Покусывая губу, Сухов поглядел им вслед. Странно… Он-то был уверен, что монах, пересевший на серую лошадь, — это уловка Бэрхэ-сэчена, простейший способ пустить по ложному следу. А выходит, что его как раз и уводили от бенедиктинца, или кто он там.
— Дело ясное, — проговорил Олег, — что дело туманное…

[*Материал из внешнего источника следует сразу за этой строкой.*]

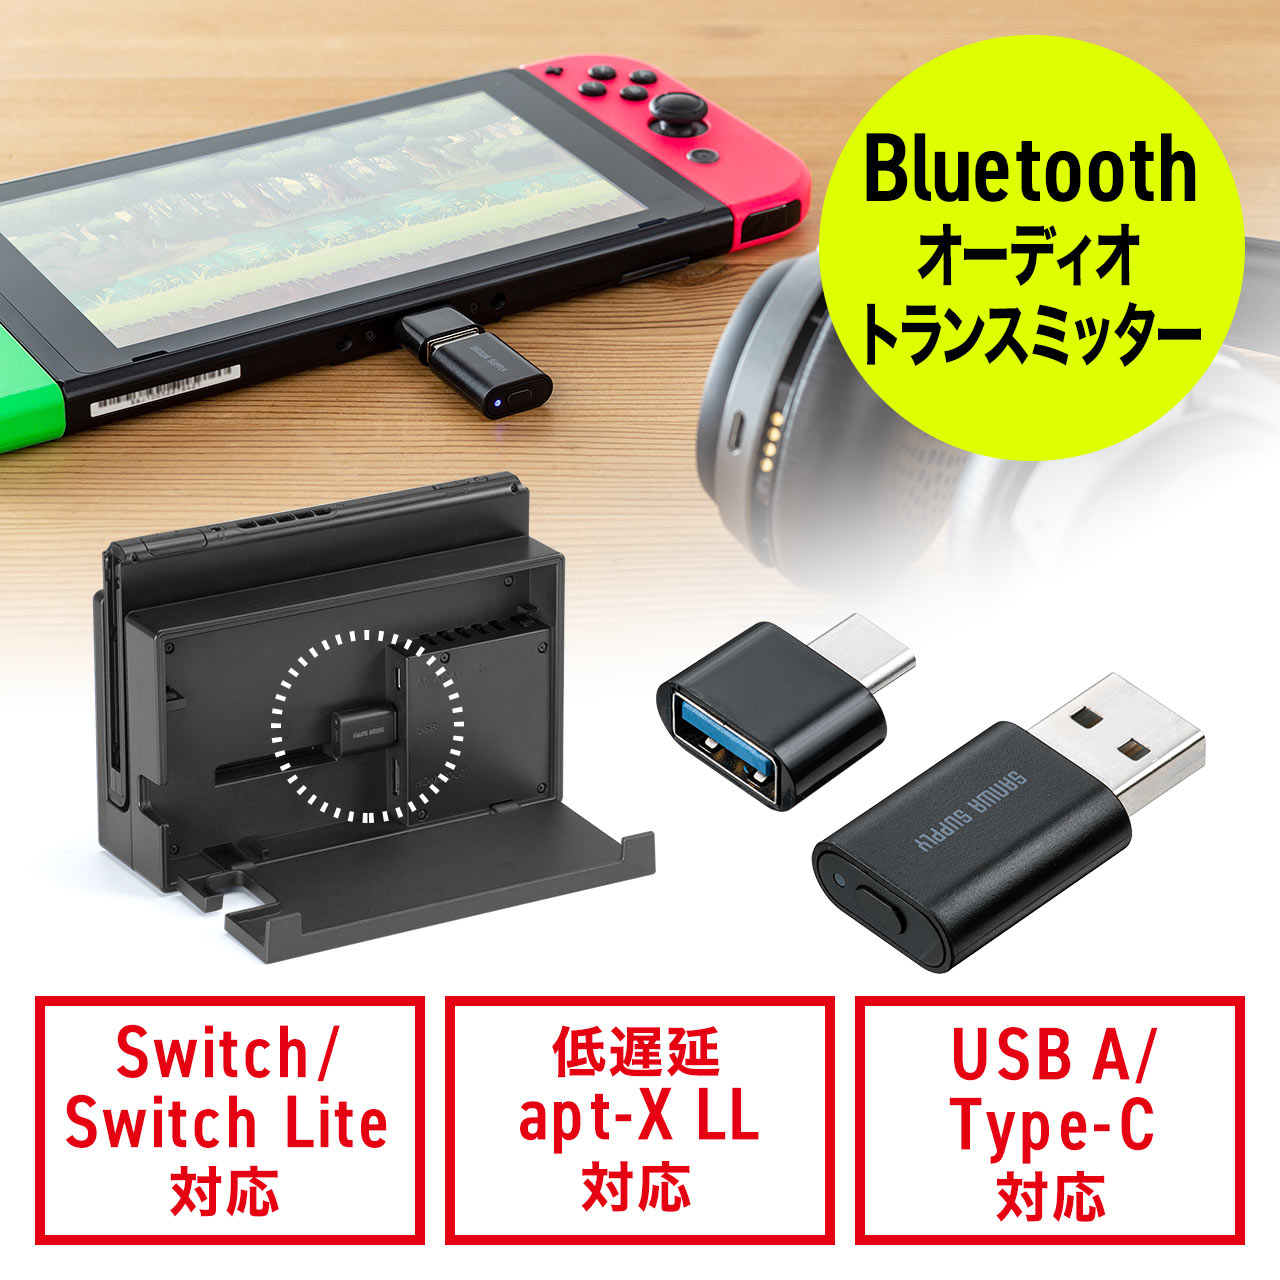 Bluetooth オーディオトランスミッター Nintendo Switch Lite 有機el Ps4 Ps5 対応 Usb Type C変換アダプタ付き 低遅延 Apt X Ll ワイヤレス送信機 400 Btad009の販売商品 通販ならサンワダイレクト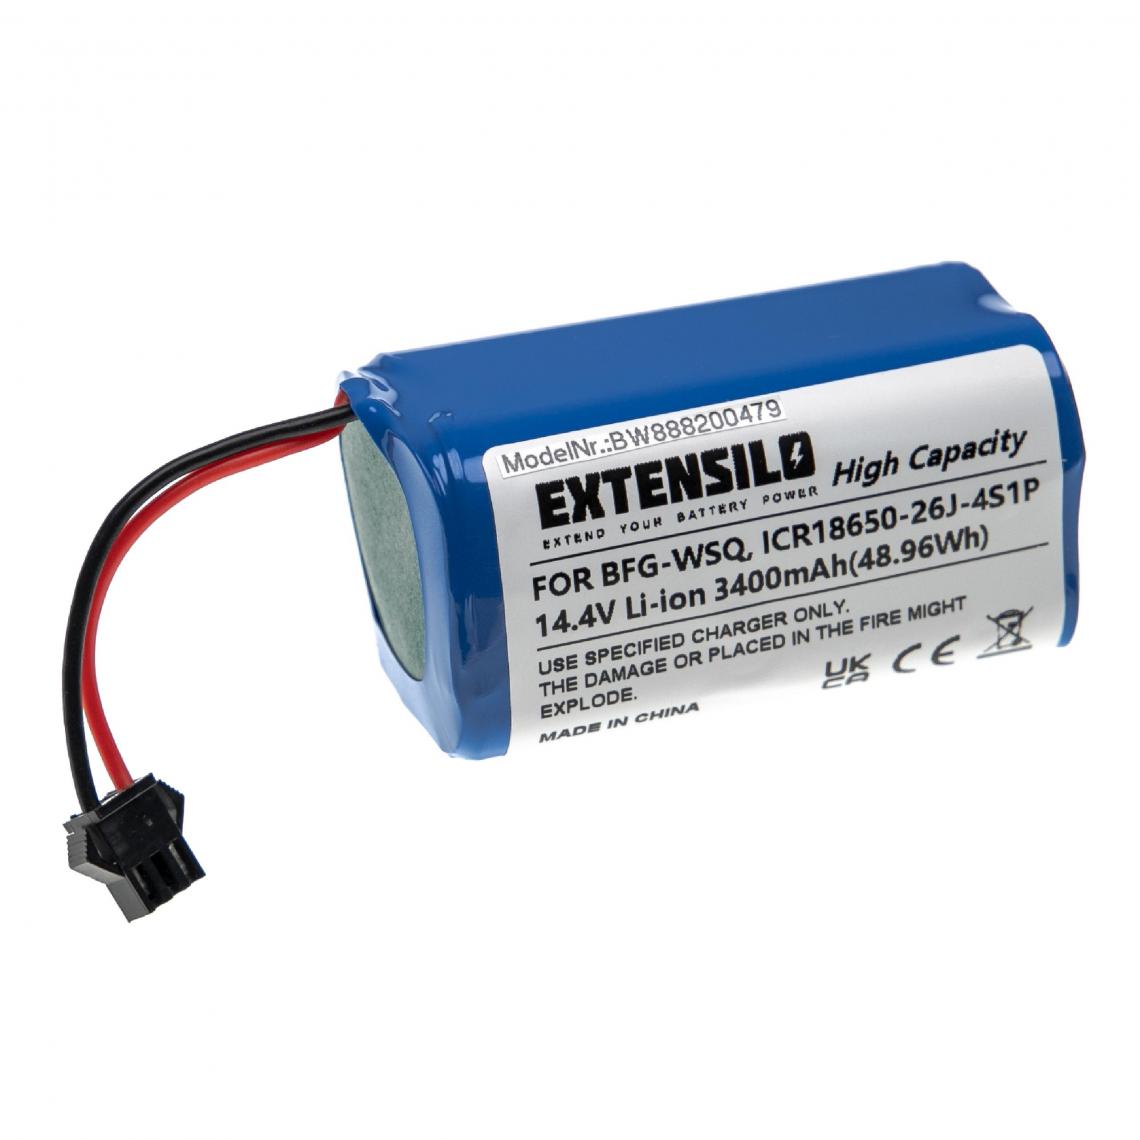 Vhbw - EXTENSILO Batterie compatible avec Ecovacs 30C Max, 35C aspirateur, robot électroménager (3 400mAh, 14,4V, Li-ion) - Accessoire entretien des sols

Глухой стук копыт по мёрзлой земле загулял эхом меж двумя рядами домов, и к Сухову подскакал Олфоромей Лысун. Беспокойство на его лице сменилось облегчением.
— Еле нашёл… — проворчал он и кивнул в сторону отъезжавших «чёрных клобуков»: — А кто это?
— Да так, враг один, — пожал Сухов плечами. — Поехали отсюда.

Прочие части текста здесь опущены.